The Philippine government has reinforced its migratory controls by facilitating repatriation in areas where conflict and wars escalate. The Magna Carta for Migrant Workers allocates financial resources for emergency repatriation when the need arises. Section 15 of Republic Act 8042 specifically mandates the Overseas Workers Welfare Administration (OWWA), in coordination with appropriate international agencies “to undertake the repatriation of workers in cases of war, epidemic, disasters or calamities, natural and man-made, and other similar events.” OWWA also supervises the emergency repatriation fund, which should initially consist of one hundred million pesos.

The Philippine government’s experiences of repatriating its workers have earned some praises but mostly criticisms from civil society, media and international agencies. The largest repatriation to date occurred during the Gulf War in 1990–1991 wherein almost 30,000 Filipinos were repatriated from Kuwait (including some from Iraq). In 2006, another conflict in Lebanon called for a massive repatriation of 6000 OFWs, mostly women (IOM 2013). Most recently, the repatriation efforts caused by the Arab Spring specifically in Libya and Syria have posed another challenge to implement the repatriation mechanisms that admittedly disrupted the employment of thousands of Filipino workers.

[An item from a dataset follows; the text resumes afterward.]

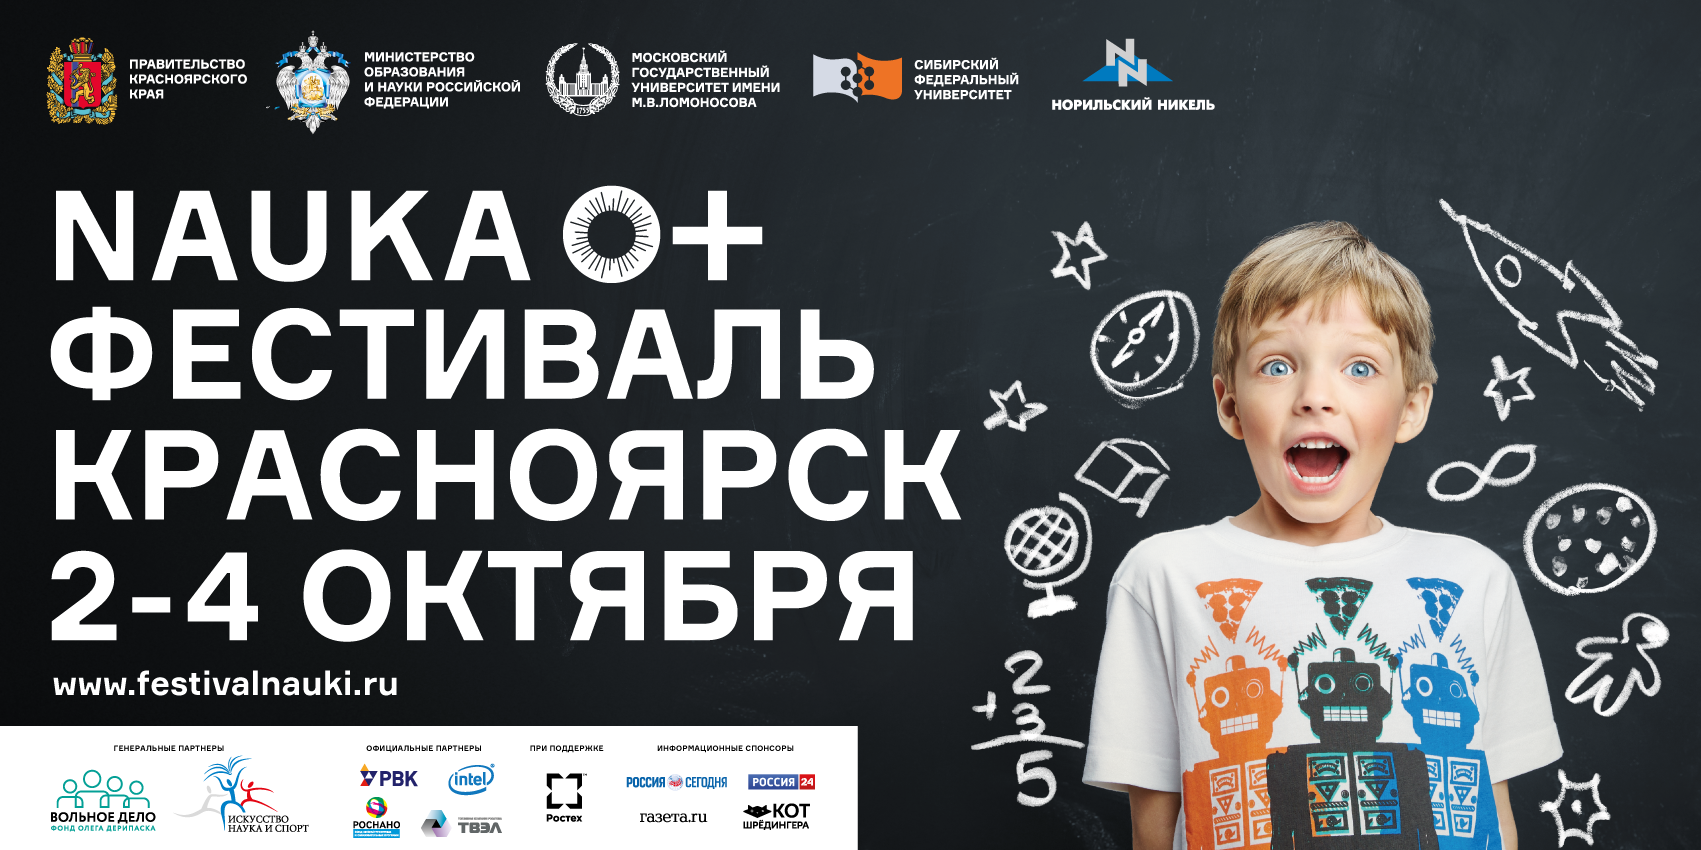 2-4 октября – фестиваль науки в Красноярске Nauka 0+

According to the 2013 Country Report of IOM, the Philippine Government considers the repatriation program from Libya as a successful campaign because of the good coordination between the Philippine government and the OFW’s employers and recruitment agencies in rescuing and transporting the workers. This is in contrast to the repatriation experience in Syria where rescue operations proceeded “slowly and in a protracted manner.” The operation became enormously challenging because most of the female OFWs in the area were irregular migrants.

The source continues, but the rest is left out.